7 to 9 show the processes executed by the infusion pump 1, the terminal 3, the management server 2, and the electronic medical record server 4, respectively. The infusion pump 1 executes the processes of FIGS. 7 to 9, for example, when the processor 101 executes a given program. The terminal 3 executes the processes shown in FIGS. 7 to 9 by, for example, the CPU 311 executing a given program (for example, a staff application). The management server 2, for example, the CPU 211, executes the given program to execute the processes of FIGS. 7 to 9. The electronic medical record server 4 executes the processes of FIGS. 7 to 9 by, for example, the CPU 411 executing a given program.

Prior to the description of the processes of FIGS. 7 to 9, an example of the operation of the staff when starting the infusion therapy will be described.

The staff activates the staff application on the terminal 3 and inputs the staff ID. In response to this, the staff application of the terminal 3 requests the management server 2 for the order information database. The management server 2 authenticates the staff by the staff ID, and if the authentication is successful, requests the electronic medical record server 4 for the order information database. The order information database in the electronic medical record server 4 is transferred to the terminal 3 via the management server 2. After that, the staff inputs the patient ID of the patient in front of the staff to the terminal 3, the drug ID of the drug solution pack prepared for the patient, and the pump ID of the infusion pump 1. The staff application of the terminal 3 extracts the order information corresponding to the input patient ID and displays it on the touch panel 313. The staff sets the flow rate and the like in the infusion pump 1 according to the display of the order information, confirms that the chemical solution pack prepared for the patient is the correct chemical solution pack, and then operates the start button 10 of the infusion pump 1. do. As a result, the infusion therapy using the infusion pump 1 is started. When the terminal 3 transmits the patient ID to the electronic medical record server 4 via the management server 2 instead of transferring the order information database to the terminal 3, the electronic medical record server 4 is associated with the patient ID. The management system 1000 may be configured to transmit order information to the terminal 3.

The input of each ID may be realized by a character input operation on the touch panel by the staff, or may be realized by taking a bar code or a QR code (registered trademark) with the camera 318. In the case of shooting, for example, the code printed on the staff name tag is shot when inputting the staff ID. For input of the patient ID, for example, a code printed on a tape wrapped around the patient's wrist is photographed. To enter the drug ID, a code printed on a sticker attached to the drug solution pack attached to the infusion pump 1 or to be attached by the staff is photographed. For input of the pump ID, for example, a code printed on a sticker attached to the main body of the infusion pump 1 is photographed. The staff application acquires each ID by specifying the ID represented by the barcode or QR code from the image taken by the camera 318.

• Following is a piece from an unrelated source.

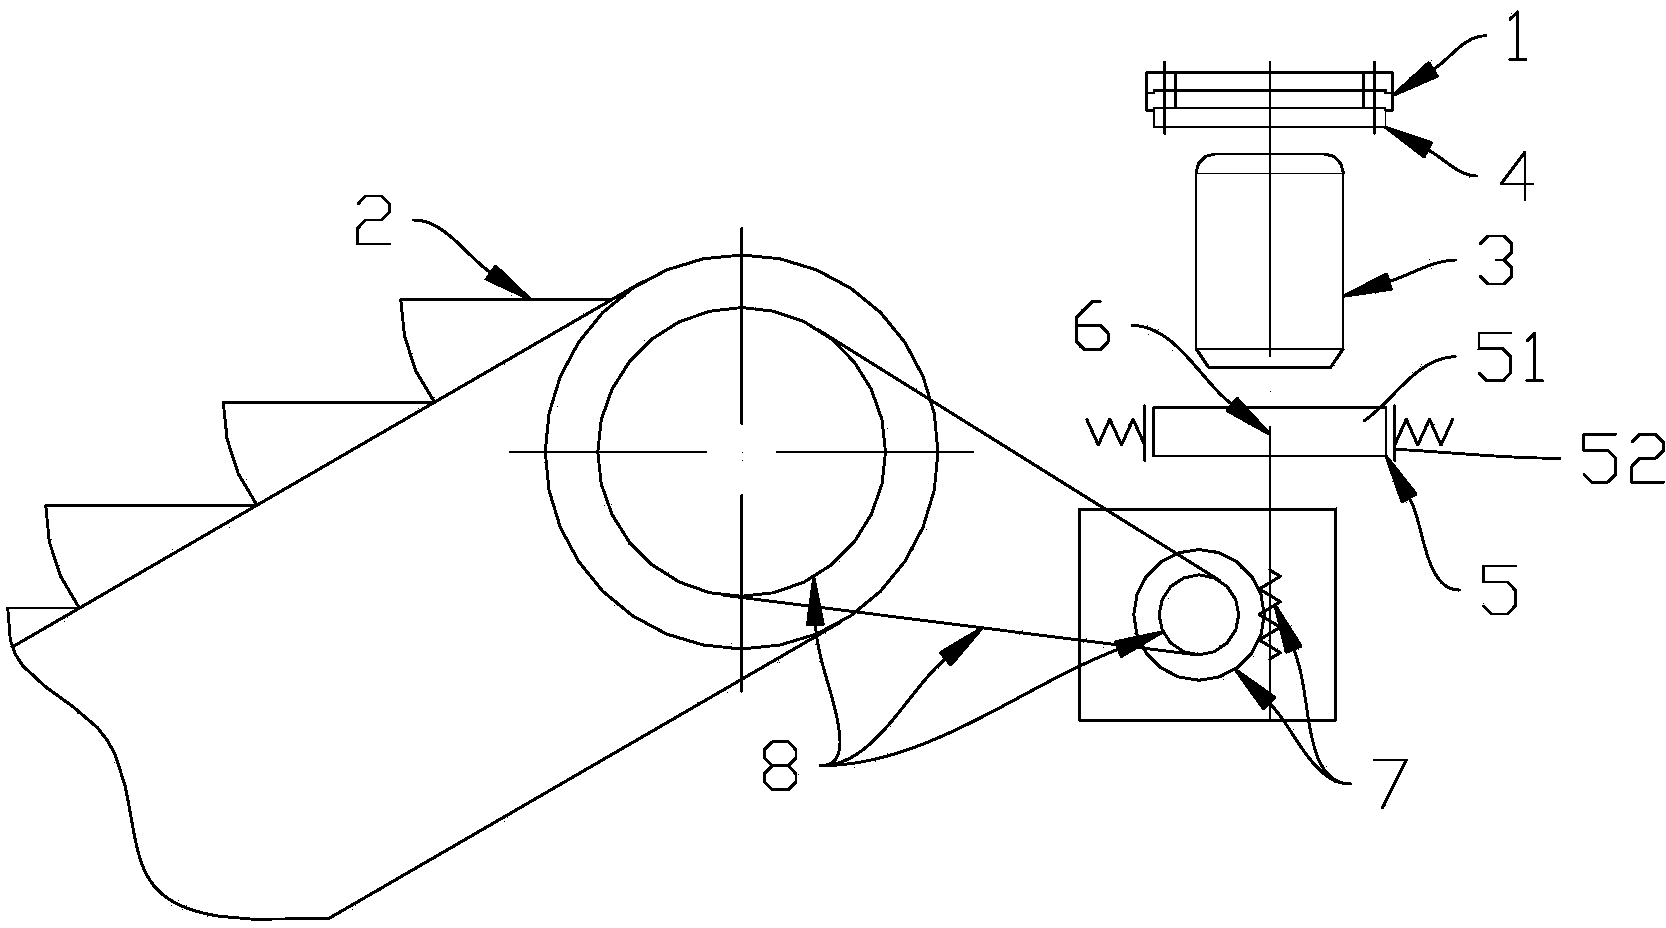 Method for testing braking capacity of escalator and/or moving pavement

Hereinafter, the processes of FIGS. 7 to 9 will be described.
First, referring to FIG. 7, in step S300, the terminal 3 acquires the staff ID and transmits the staff ID to the management server 2.

In step S200, the management server 2 transfers the staff ID to the electronic medical record server 4. The management server 2 may authenticate the staff ID and transfer the staff ID to the electronic medical record server 4 on condition that the authentication is successful.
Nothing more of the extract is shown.